The height of the Dutch fosse mobile or ‘mobile pit’ was short-lived and only lasted about thirty years. Nevertheless, many cities used the system in the years between 1870 and 1900. The idea was simple: one relieved him- or herself in a barrel, that was often collected several times a week in a special cart. The cart was emptied at a specific assembly point, in most cases at the edge of a town -either to be made into compost or to be shipped to the countryside in crude form.
This may sound cumbersome and unhygienic, but the fosses mobiles meant a big improvement to older practices of waste removal. Many households still used (and often shared) a ‘cesspit’ outside the house to dump all their bodily and other waste. Others donated their excrements to a nearby canal, or simply dumped it onto the street. Cities, one can imagine, didn’t smell particularly nice.
These practices, however, had another downside: tons and liters of valuable shit disappeared in the ground and the water – at a time when demands for fertiliser were high. The fosses mobiles promised to turn the collecting and selling of faeces – in itself not a new phenomenon – into a lucrative business, through a centrally organised infrastructure. With this infrastructure, the digestion of hundreds or thousands of people became part of the bigger economic and agricultural cycles between the city and the countryside. A visit to the private meant a small (or big) contribution to the wealth of the region. The household and the body were opened up to the market – except those of the poor: research had shown that their diet was too meager to produce valuable faeces.
Making profit was the top priority of the system, which put hygienic details in second place. The city of Groningen makes a good example. Here, the fosses mobiles had operated for over two centuries and had resulted in much-envied profits. One of the reasons for this was the simplicity of their system. The city didn’t use standardised barrels; instead, people used all kinds of buckets, barrels and pots for defecation. Lidless, these were carried through the house and onto the street, with the contents showing and smelling and, in the case of smaller ones, often spilling over the side. The collecting carts too were often driven through the streets with its load out in the open. Ignoring the resulting smell and the recommendations of experts, the city council was hesitant to deal with the matter, because, as they argued, profits would suffer.

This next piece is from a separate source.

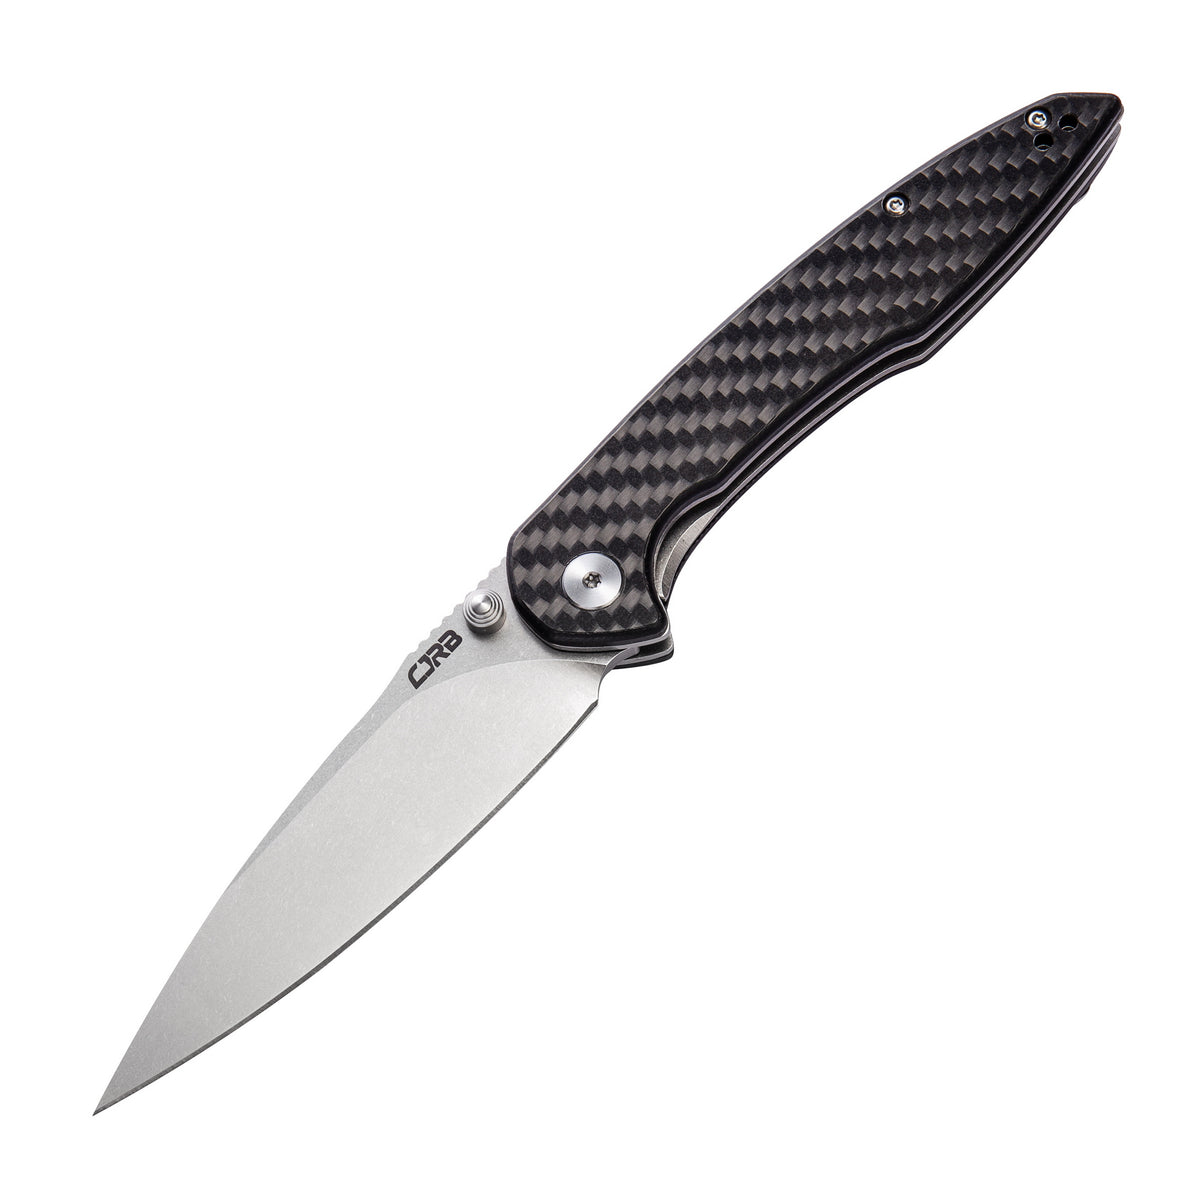 CJRB Centros J1905 D2 Blade Carbon fiber Handle Folding Knives
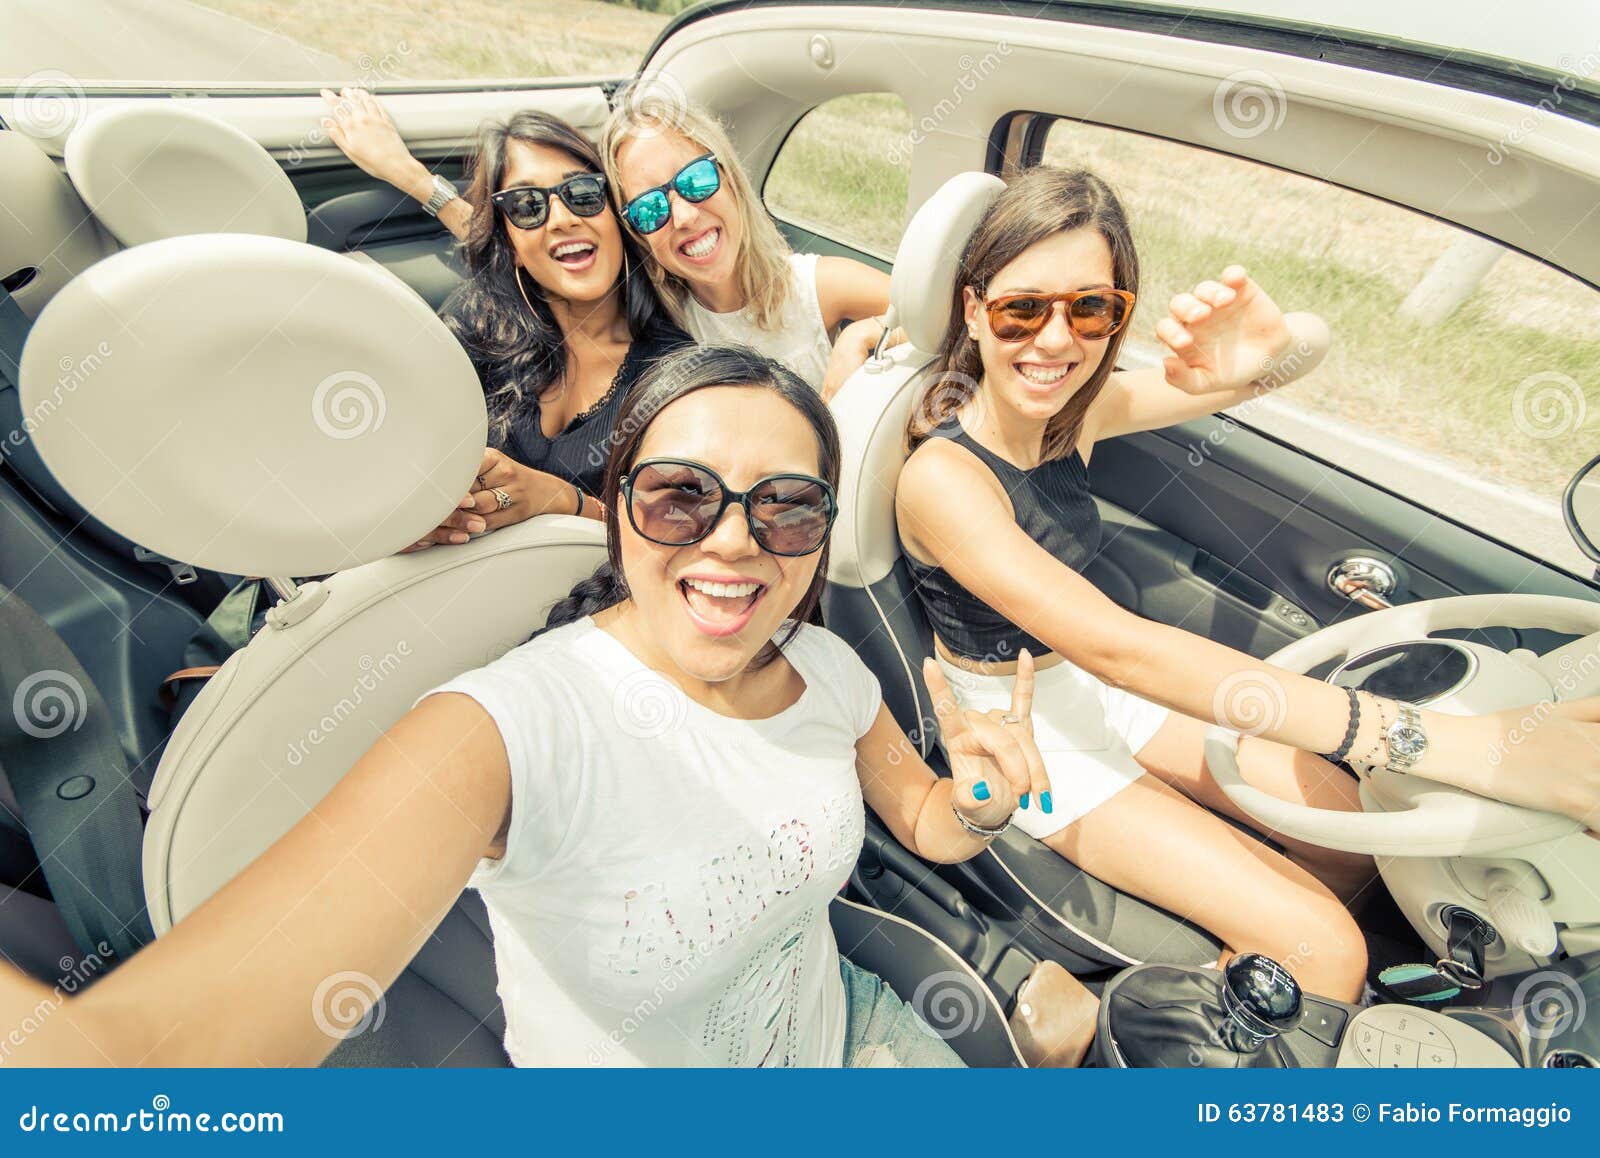 pretty car group selfie hot photo

Nevertheless, changing attitudes and growing resentment towards the smell and exposure of excrements contributed to the retreat of the fosse mobile around the turn of the century. With different speed and success, the fosses were replaced by underground draining systems that made the faeces too watery to be of any agricultural use. During the twentieth century, they were completely replaced by artificial fertiliser.
Now, in the twenty-first century, the environmental crisis has led to discussions about our waste removal once again. But because we’ve gotten so used to the convenience of running water, to the invisible and ‘insmellible’ draining of our excrements with just a push on the button, a radical change of direction hardly seems possible. Even though our present world is in many ways different from that of the nineteenth century, the revenue models and belief in technological solutions have hardly changed. That is why current research on the re-use of human waste follows that same path: when convenience and material wealth suffers, the market offers very little room for change.